The Make Every Woman Count (MEWC) Political Participation and Election Monitoring Team was formed in order to provide deeper analysis of women’s participation in politics and elections in Africa. In 2012, they published this report reviewing all of the major national and regional elections that occurred in Africa that year, seeking to provide an overview of the role of women in elections across Africa by focusing on women’s political participation as well as female candidates vying for public office (both before and after the elections have taken place).

The report also aims to provide an analysis of women’s participation in African politics so as to help fill the void in election reporting in the international development field. By incorporating a range of perspectives and sources to reveal achievements and obstacles to women’s political empowerment, MEWC hopes to provide a platform for feminist views and voices of parties and voters from across Africa’s social, economic and public life.

The report contains profiles for each of the 18 national and regional elections across Africa in 2012. While the organisation saw a significant increase in women’s political representation in some cases , there were also several notable setbacks. For instance, in neither Ghana nor Guinea Bissau were there any female candidates, nor on the final presidential ballots in Egypt. However, that is not to say that women’s issues were absent; in Guinea Bissau, representatives of seven out of the nine presidential candidates signed the Political Declaration on gender equality and women’s human rights prepared by the Women’s Political Platform.

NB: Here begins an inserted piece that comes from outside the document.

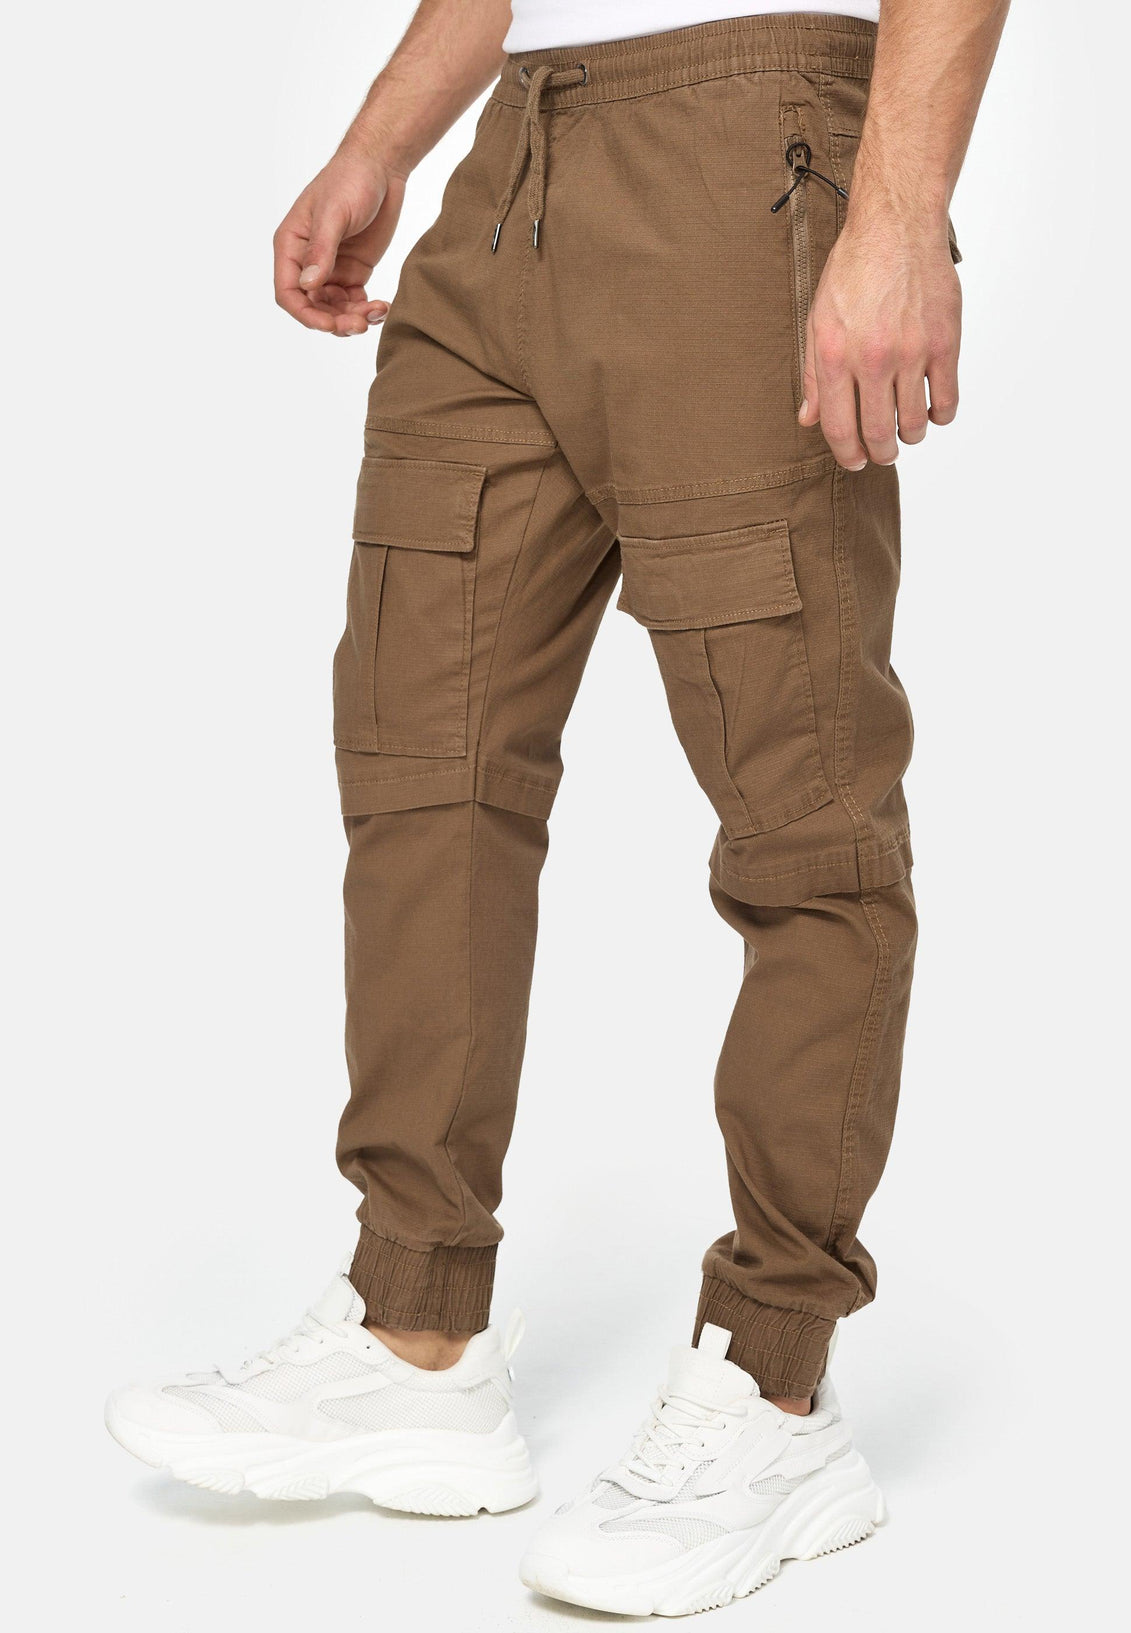 Indicode men's Kerr cargo pants made of 98% cotton incl. belt

Meanwhile, gender quotas have been increasingly used as a tool for increasing gender equity in political representation. Algeria became the first and only Arab country where women hold more than 30% of the seats in the parliament; a huge victory for women in that region.

The report concludes that there is evidence to show how female participation significantly helps to increase the crucial culture of plurality in the post-conflict political process. Additionally, the authors note that sustainable democratic development is incomplete and impossible without the full inclusion and integration of women in all aspects of a nation’s culture and society.